## Task to carry out
Return all lines of the data in which the string "nautique" occurs.

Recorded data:
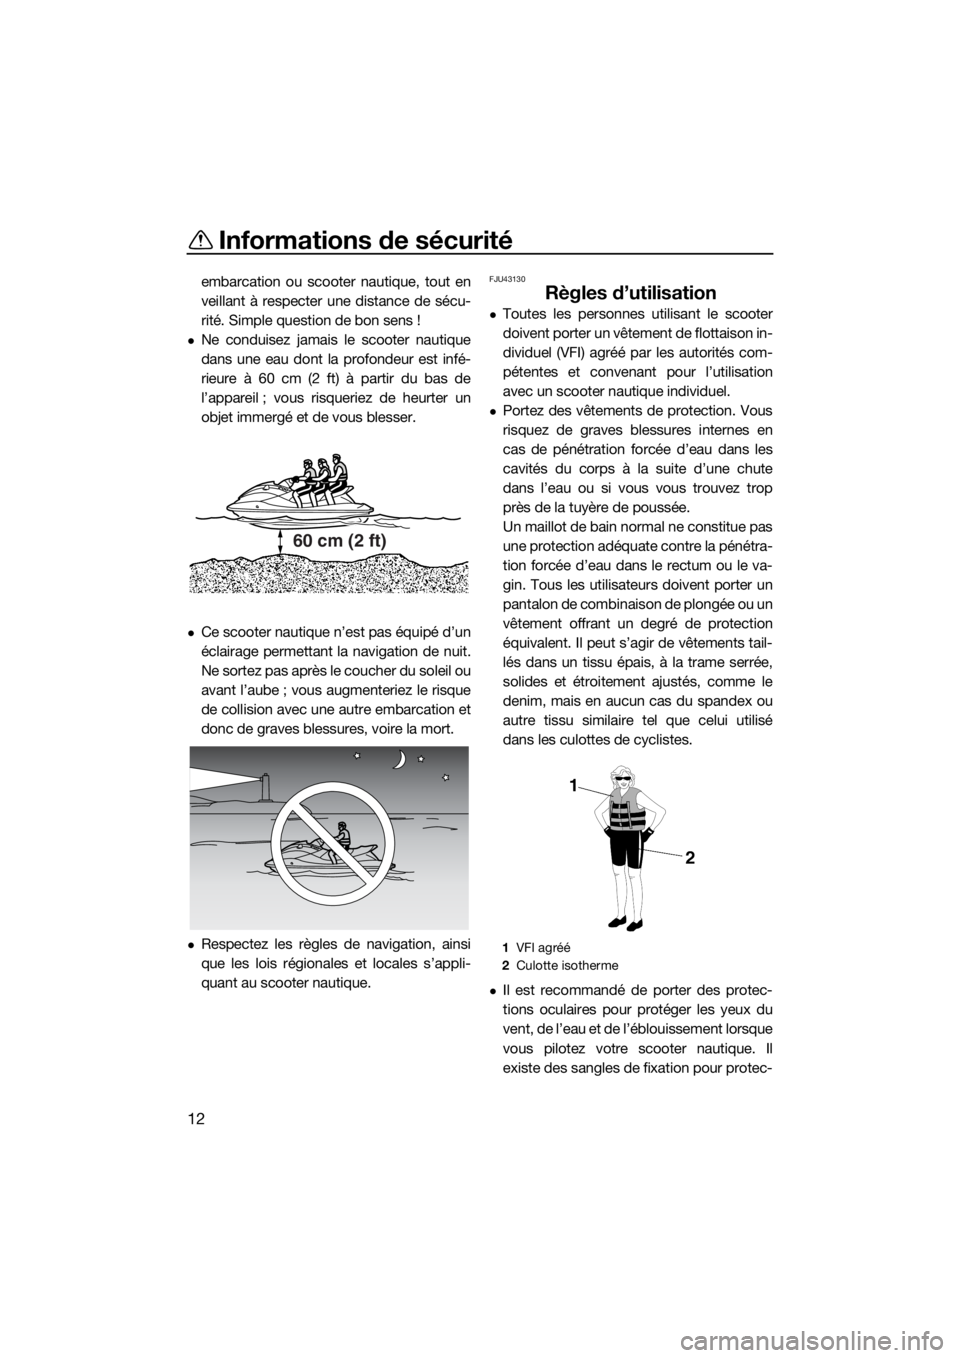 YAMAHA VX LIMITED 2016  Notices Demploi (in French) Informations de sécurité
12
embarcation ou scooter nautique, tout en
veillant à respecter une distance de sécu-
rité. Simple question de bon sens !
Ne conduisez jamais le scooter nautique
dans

## Written response
embarcation ou scooter nautique, tout en
Ne conduisez jamais le scooter nautique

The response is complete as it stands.